[proofplan]
The hypotheses are used through the existence of the central-path minimizer $x(t) \in C^\circ$ for each $t > 0$; uniqueness only makes this minimizer canonical, while the convergence argument uses only minimality and the lower bound on $\Phi$. We compare the central-path point $x(t)$ with interior feasible approximations of a fixed optimal solution. Since the optimal solution may lie on the boundary of $C$, convexity and nonempty interior allow us to approach it by points in $C^\circ$. The minimality of $x(t)$ for $F_t$ then gives an upper bound on $c \cdot x(t)$ whose error vanishes as $t \to \infty$. Passing to an accumulating sequence and using closedness of $C$ proves feasibility and optimality of the limit.
[/proofplan]
[step:Approximate an optimal solution by interior feasible points]
Define the optimal set
\begin{align*}
S^* := \{x \in C : c \cdot x = p^*\}.
\end{align*}
Choose an optimal point $x^* \in S^*$, which exists by hypothesis. Since $C^\circ \neq \varnothing$, choose $y \in C^\circ$. For $a \in \mathbb{R}^n$ and $\rho > 0$, write $B(a,\rho) := \{u \in \mathbb{R}^n : |u-a| < \rho\}$ for the open Euclidean ball of centre $a$ and radius $\rho$. For each integer $k \geq 2$, define
\begin{align*}
z_k := \left(1 - \frac{1}{k}\right)x^* + \frac{1}{k}y.
\end{align*}
We claim that $z_k \in C^\circ$ and $z_k \to x^*$ in $\mathbb{R}^n$.

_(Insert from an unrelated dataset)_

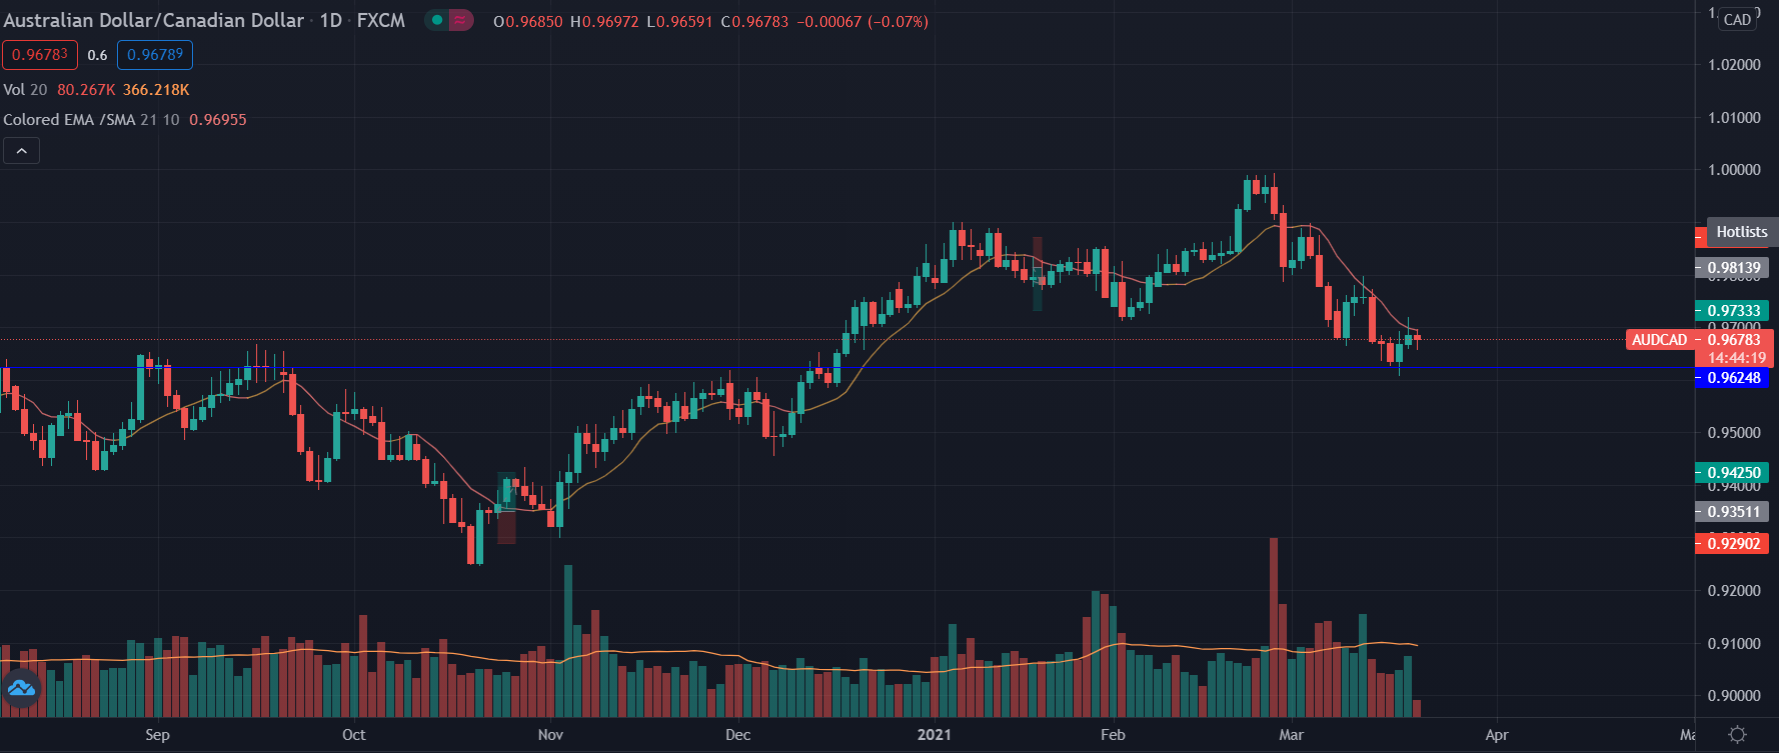 AUD/CAD H4 price action
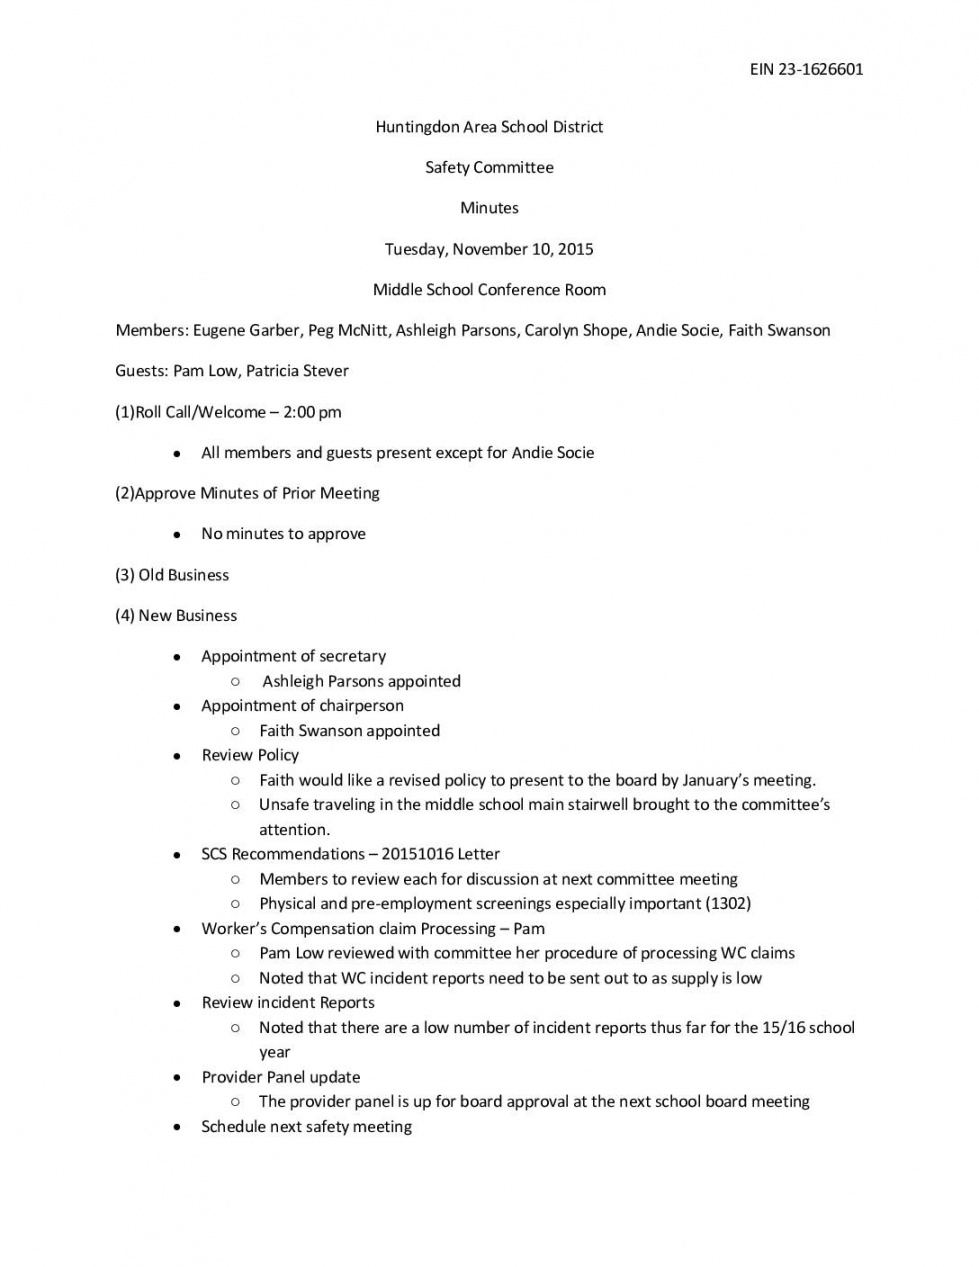 printable 20151110 safety committee minutes  huntingdon area school health and safety committee meeting agenda doc

Because $y \in C^\circ$, there exists $r > 0$ such that $B(y,r) \subset C$. Let $h \in \mathbb{R}^n$ satisfy
\begin{align*}
|h| < \frac{r}{k}.
\end{align*}
Then
\begin{align*}
z_k + h = \left(1 - \frac{1}{k}\right)x^* + \frac{1}{k}(y + kh).
\end{align*}
Since $|kh| < r$, we have $y + kh \in B(y,r) \subset C$. Also $x^* \in C$, and $C$ is convex, so $z_k + h \in C$. Hence
\begin{align*}
B\left(z_k,\frac{r}{k}\right) \subset C,
\end{align*}
proving $z_k \in C^\circ$. Finally,
\begin{align*}
z_k - x^* = \frac{1}{k}(y - x^*).
\end{align*}
Thus $z_k \to x^*$ as $k \to \infty$.
[guided]
The only reason for introducing the points $z_k$ is that the minimizing property of $x(t)$ is available only against competitors in $C^\circ$, while an optimal solution $x^*$ may lie on the boundary of $C$. We therefore move slightly from $x^*$ toward a fixed interior point.
Define the optimal set
\begin{align*}
S^* := \{x \in C : c \cdot x = p^*\}.
\end{align*}
Choose $x^* \in S^*$ and choose $y \in C^\circ$. For $a \in \mathbb{R}^n$ and $\rho > 0$, write $B(a,\rho) := \{u \in \mathbb{R}^n : |u-a| < \rho\}$ for the open Euclidean ball of centre $a$ and radius $\rho$. For every integer $k \geq 2$, define
\begin{align*}
z_k := \left(1 - \frac{1}{k}\right)x^* + \frac{1}{k}y.
\end{align*}
This is a convex combination of $x^*$ and $y$, but we need more than membership in $C$: we need membership in $C^\circ$.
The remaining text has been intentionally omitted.